Even with modern technology and DNA testing, however, that’s easier said than done. With very little information to go on, they must piece together details from the scene, like whether the bones were found in a coffin or tomb of some kind, or if they were they found with other remains.
They must also analyze the condition of the bones, and the background of the community where they were found. From that point, an initial biological profile of an individual can usually be assembled, including their age at the time of death, their gender, their stature in the community and any trauma or illnesses they might have had.
The ‘Hastings woman’
The state archeologist’s most conspicuous success in such identifications came in 2014. Construction workers were digging holes to build a new CVS Pharmacy in Hastings when they discovered a set of human bones in a coffin. Initial analysis indicated the remains were from a white woman. Based on the type of nails used in the coffin, experts determined she was probably buried around 1900. Further analysis revealed she was a Euro-American woman who had severe arthritis in one of her hips and died when she was in her late 20s or early 30s.
Thanks to the help of a volunteer historian, the state learned that European settlers started arriving in Hastings around 1853, and the woman had likely been buried not long after that, before formal cemeteries were established. That put her time of death sometime before May 1856. A search of all recorded female deaths in the Hastings area between 1853 and May 1856 turned up only one woman who fit the biological profile: Susan Twitchell Fox.

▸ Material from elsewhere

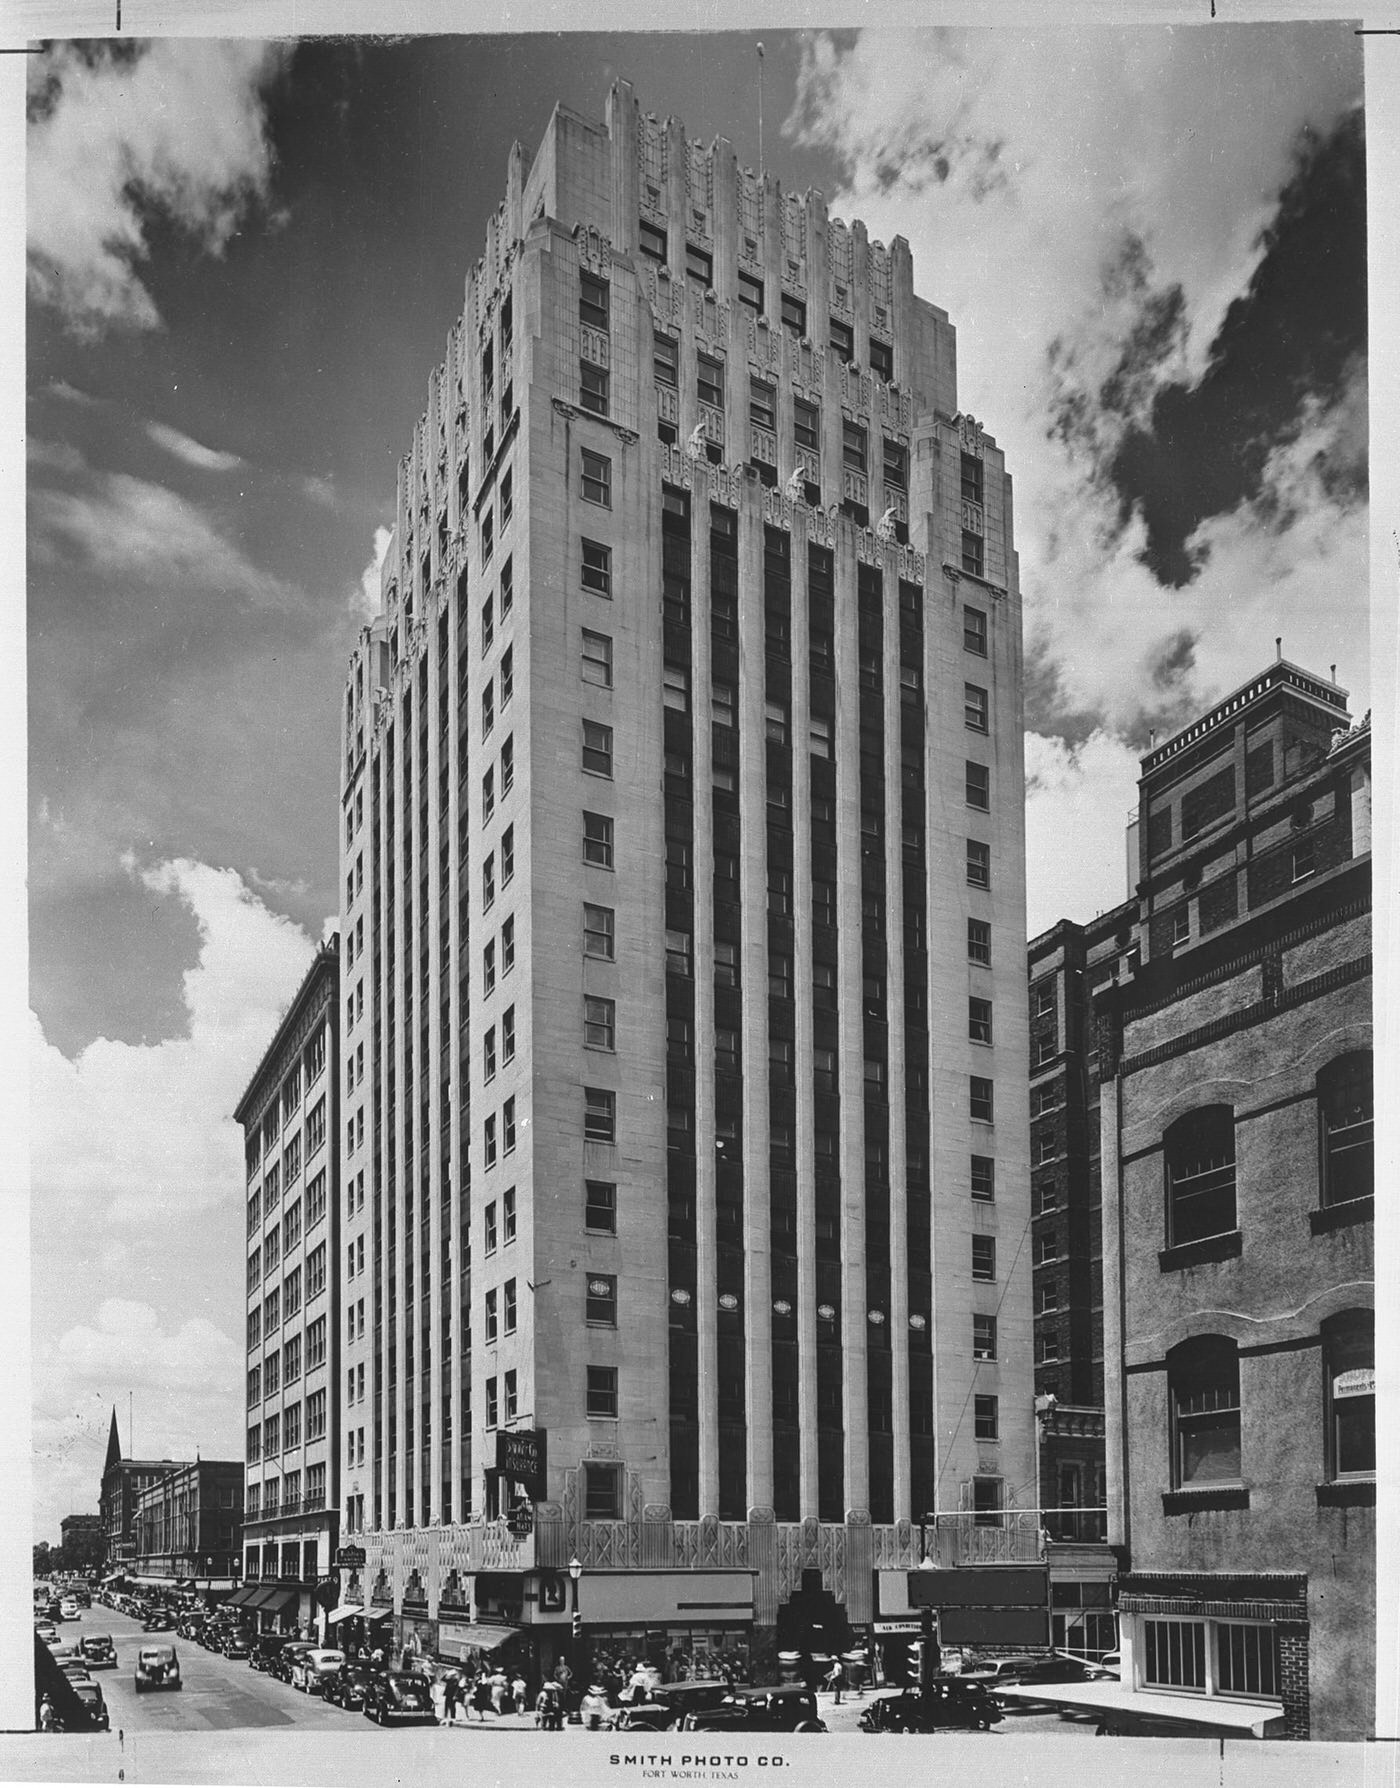 Sinclair building, 512 Main Street, downtown Fort Worth, Texas, 1942

Originally from New York, both Twitchell Fox and her husband, Hiram Fox, died tragically: Susan at the age of 26 and Hiram during the Civil War. The couple had two daughters, Theresa and Rebecca, who were raised in Hastings area by family and friends.

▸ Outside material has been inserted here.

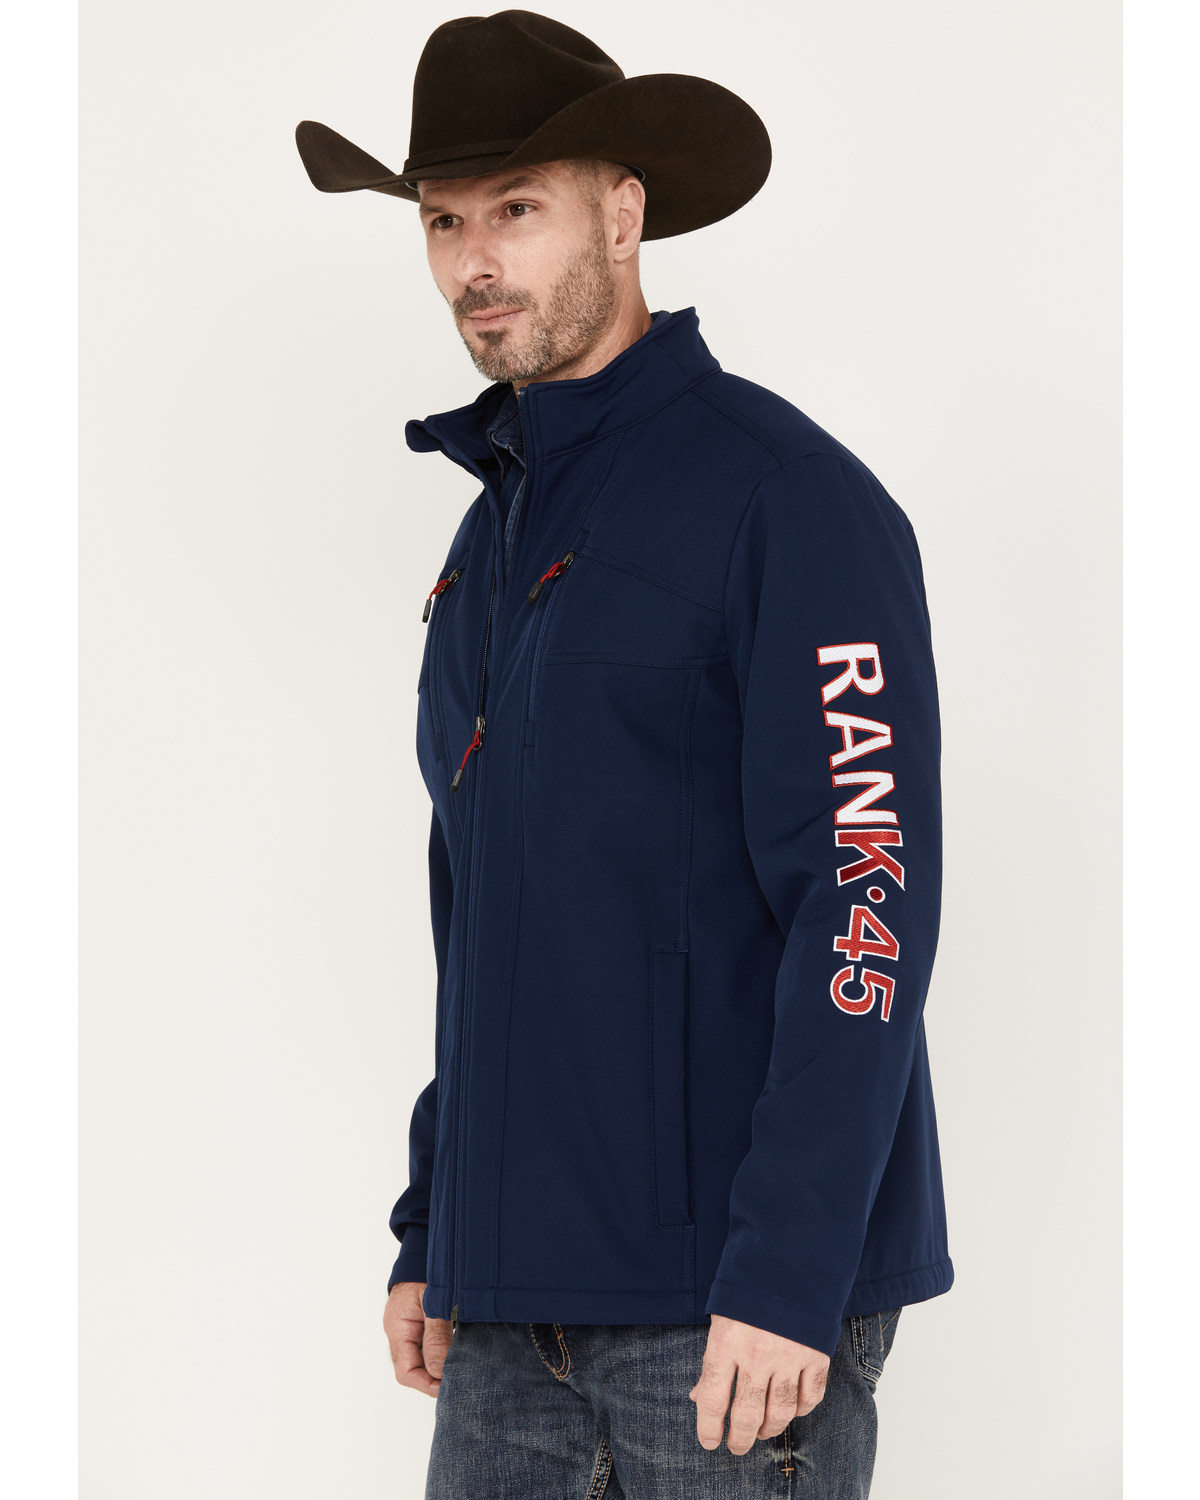 RANK 45® Men's Arlington Embroidered Softshell Jacket

Eventually, the state was also able to identify individuals who might be Twitchell Fox’s great, great grandchildren, who have agreed to do DNA testing to confirm that finding. “The carbon dating and the DNA testing will really help pull this all together,” said Laurie Beyer-Kropuenske, Director of Community Services with the Department of Administration. “They are willing to take DNA test, but we haven’t had the resources to process that yet.”

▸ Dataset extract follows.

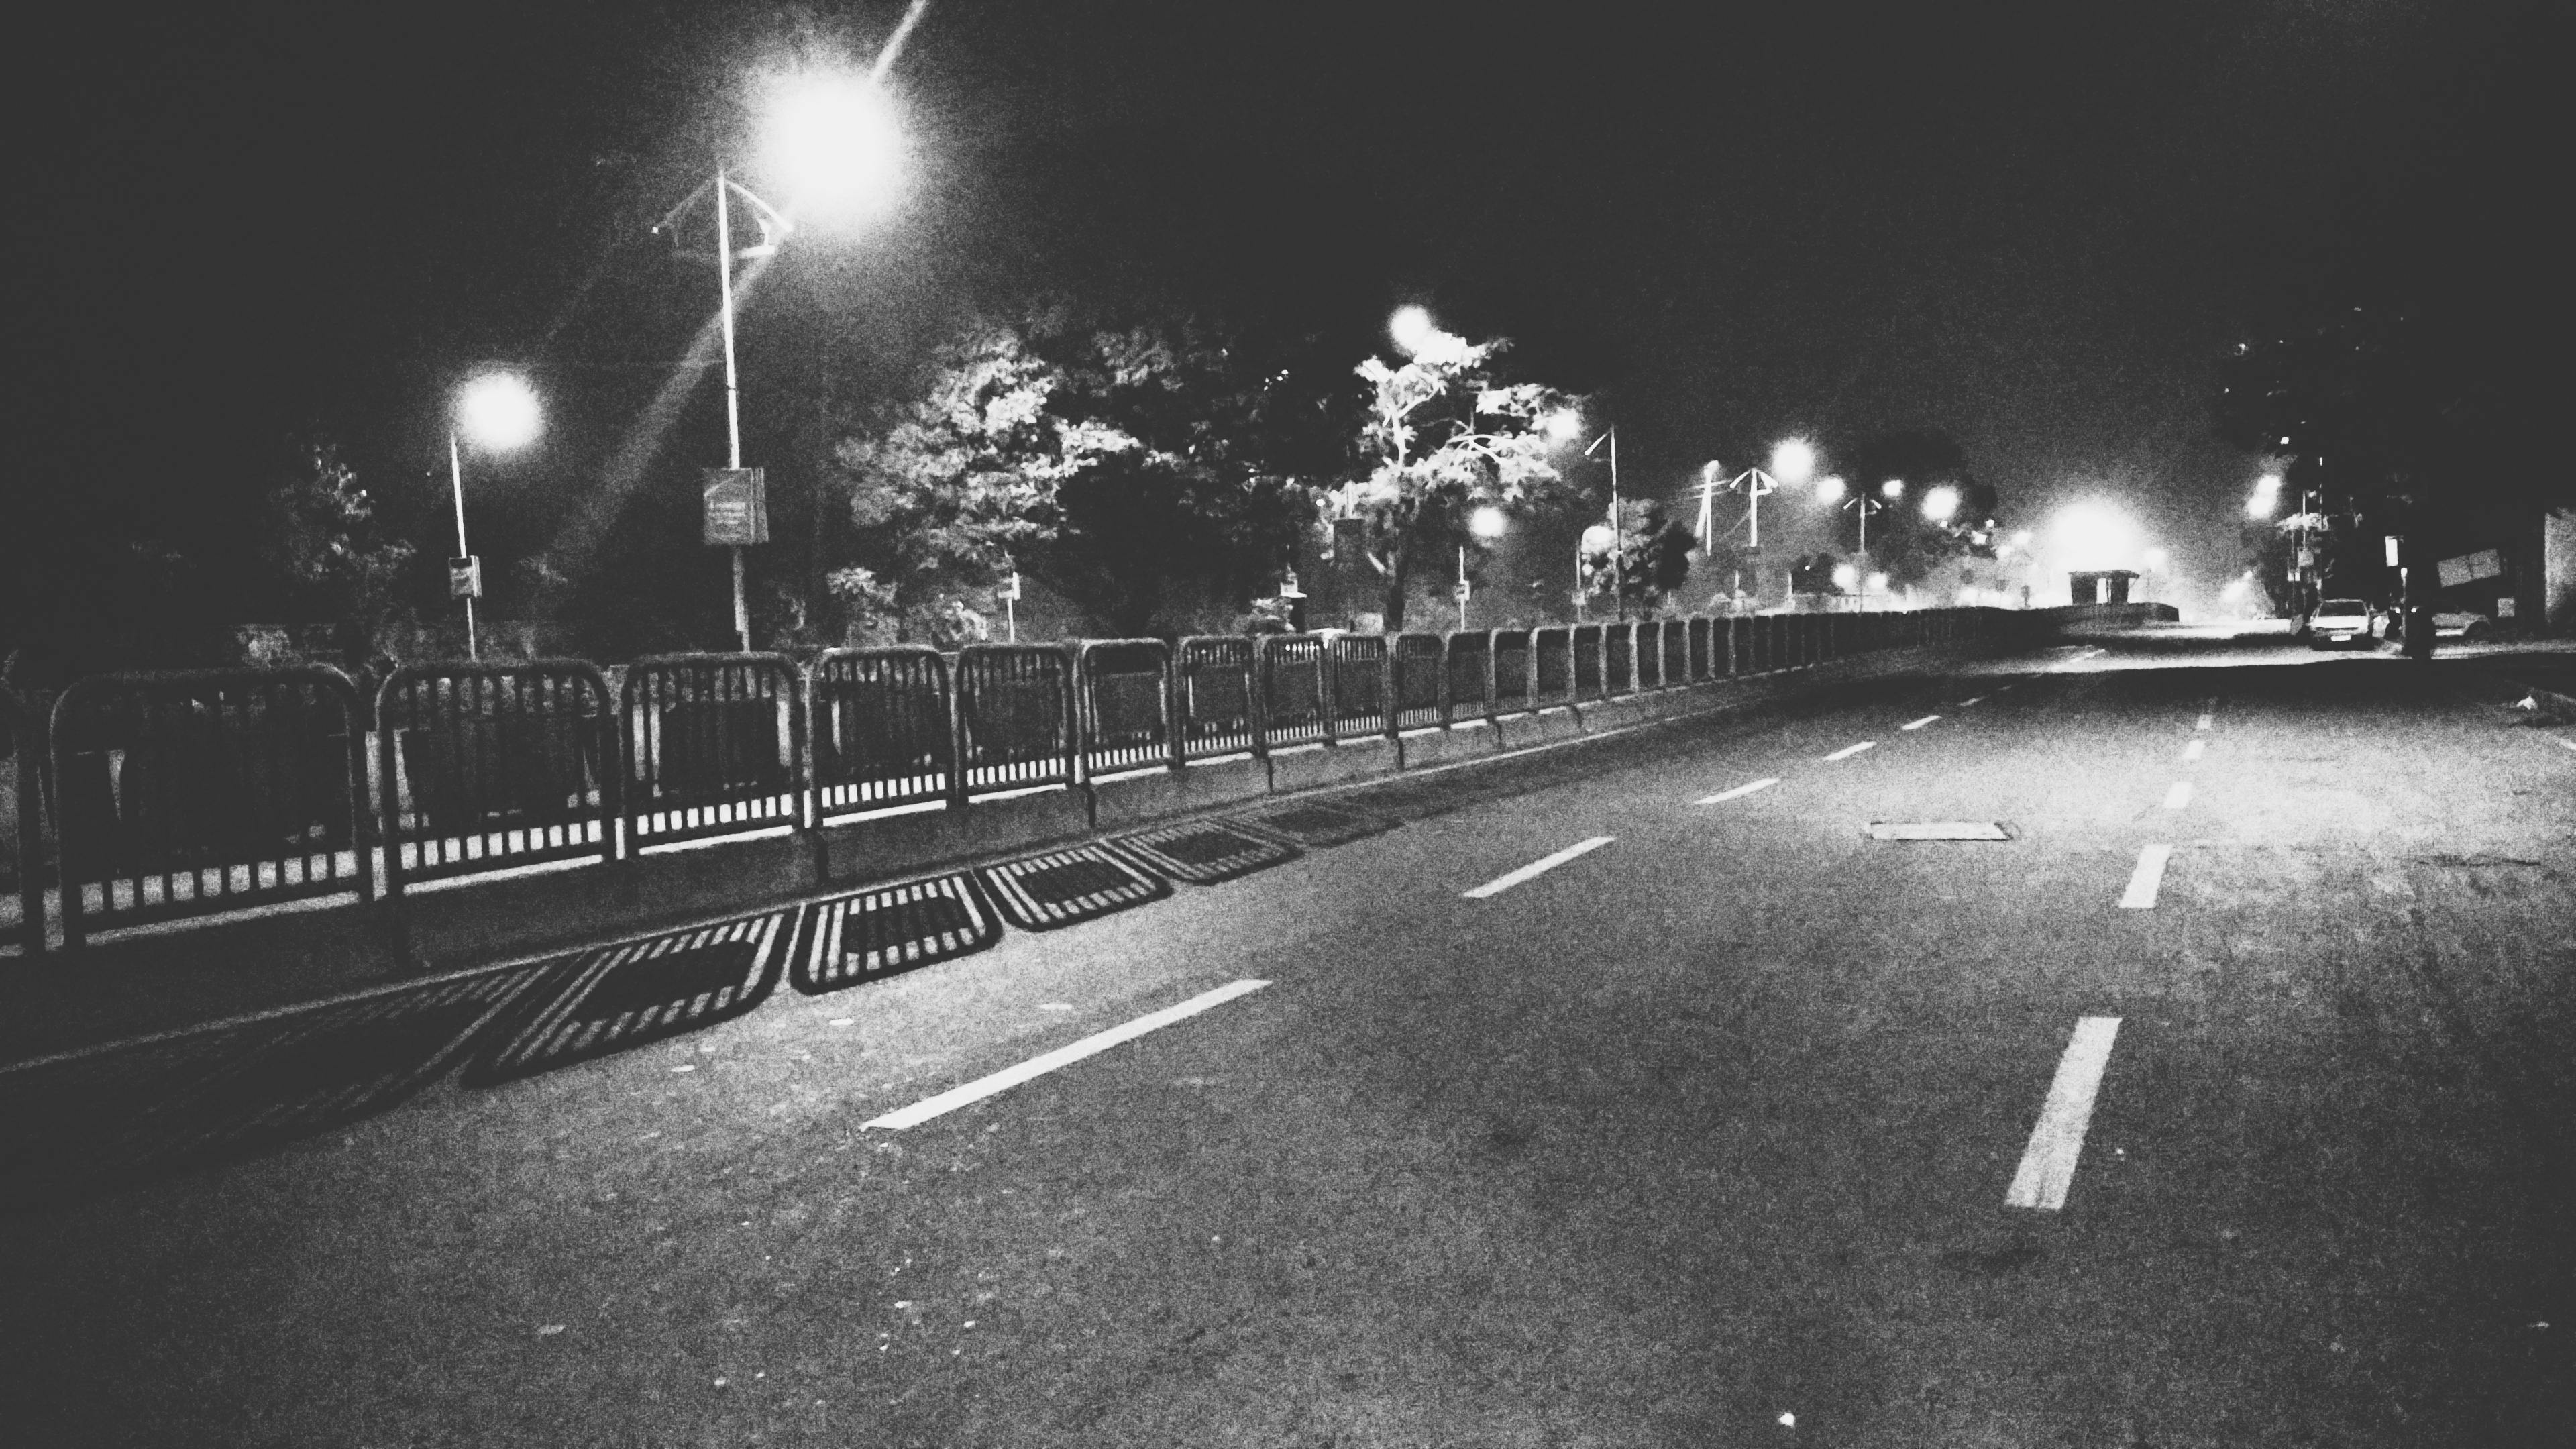 Free stock photo of #night #dark #shadow #road #silent #white #black

‘It would be proper to do something with them’
The processing is where the Minnesota Legislature comes in. That work is time consuming — and expensive. Most of the $107,000 would go to equipment and lab fees, DNA testing and C14 testing, which can help determine what year an individual passed away.
One of the biggest mysteries the state would like to solve is the story behind a handful of leg bones found in 2005 on a site in Northeast Minneapolis between 14th and 15th Streets and Marshall Avenue. The state archaeologist knows the remains belong to several individuals, but because they were mixed together at the site, it’s hard to know exactly how many. For the time being, the bones are sitting in a drawer at Hamline University.
Ideally, the state would figure out the identity of all of the remains and return them to family members, but it’s more likely that some bones will remain a mystery. In those cases, they could remain at Hamline for forensic science students to study, or the state could determine where the person lived and bury them nearby. About $15,000 of the funding would go toward reburial costs for remains that are unidentified.
“We hope with the biological profile will we be able to find out if someone come from Warroad or Hastings,” Beyer-Kropuenske said. “If we can’t find a match, we at least want to find where they lived and died to bury them as close by as possible.”
“It would be proper to do something with them,” Urdahl said. “Nothing’s happened for a heck of a long time.”
The amendment passed the House Ways and Means Committee with little debate among legislators, and the bill will get a full vote on the floor Tuesday. The Senate version of the Legacy funding bill also includes money for the bone research and burial.
But before the amendment passed, Ways and Means Chairman Jim Knoblach couldn’t help but comment on the strangeness of it all. “Will be there be any books written about the amendment?” Knoblach asked.